I guess we will have to wait and see, but I think the government will need to readdress their plans and expand on how they aim to make the UK more enticing to big business. This isn’t to say that the new G7 agreement is bad for the UK – Quite the opposite – It will undoubtedly bring in more tax to the UK, and it is my opinion that with the UK being an international hub for innovation within the tech, science, and finance industries, the UK will hold a greater appeal to companies with tax incentives elsewhere no longer offering the billions in tax cuts currently offered.
While many have said that the minimum rate of 15% is too low (and in reality, it is only marginally higher than that of many tax havens like Ireland and Singapore), the most important aspects – like how this will be implemented and ensuring current tax strategies and loopholes can’t be used by big business to further mitigate their tax liabilities.
Not only will this help to create a fairer tax system and bring in additional tax revenue – that no doubt after the cost of Covid governments will be very happy to see, but it will hopefully level the playing field between big tech and their smaller upcoming competitors.

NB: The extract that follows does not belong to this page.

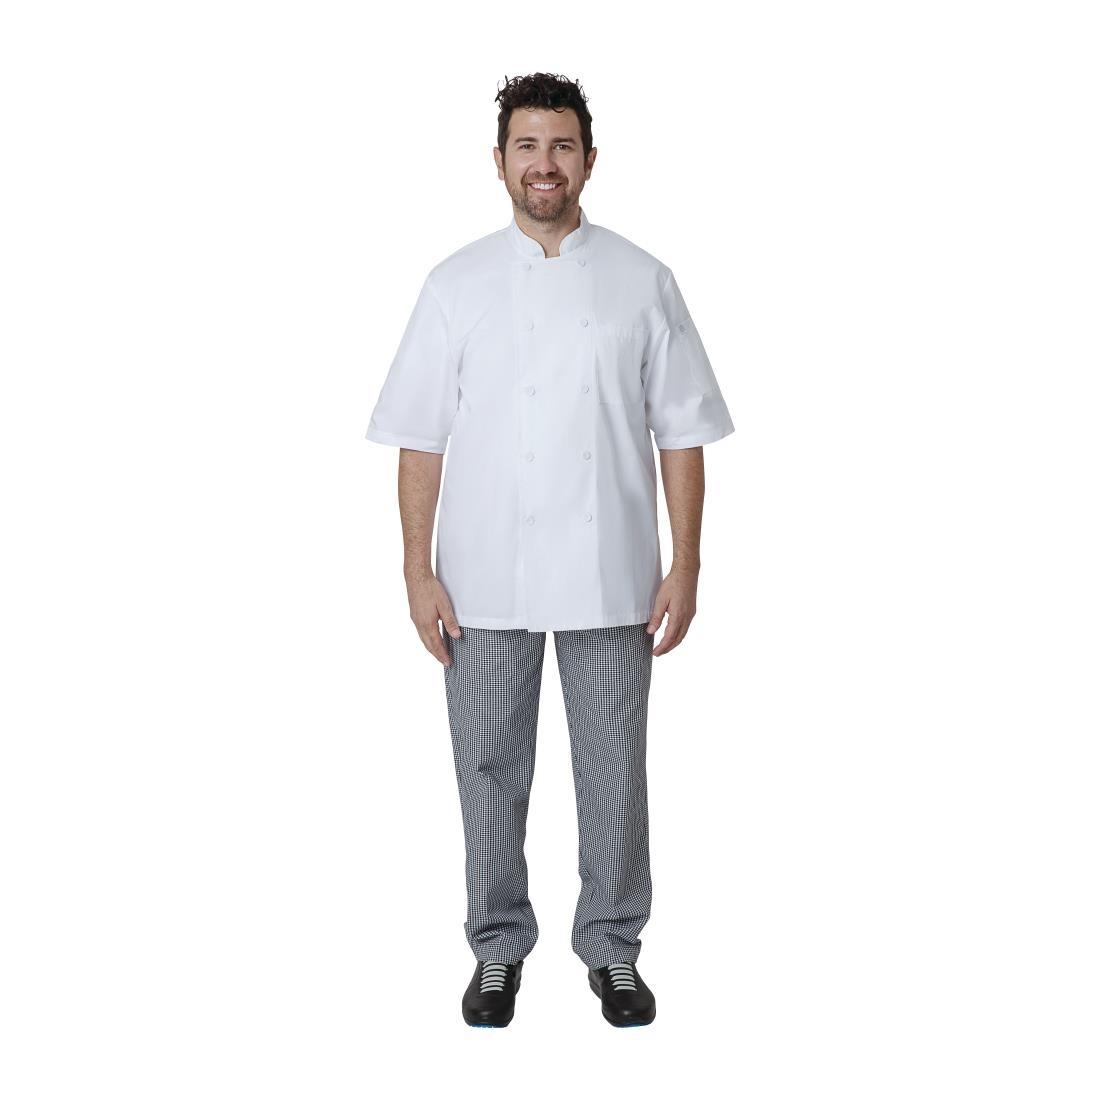 Chefs Works Montreal Cool Vent Unisex Short Sleeve Chefs Jacket White 4XL - A914-4XL  - 7

Of course, there is still a long way to go in the implementation of this, more countries have to sign up and the finer details of the agreement need to be ironed out, with the next steps bringing the deal to the G20, whose finance ministers will be meeting in Venice next month and then 135 nations will have their say at the Organisation for Economic Co-operation and Development meeting later this year.
So, this is just the first step and the final global agreement may end up looking very different once other parties have had their input, but if a consensus can be reached, we could see the reforms starting to come in next year.
What are your thoughts on the proposed agreement and how can you see it affecting your business and the UK tech industry?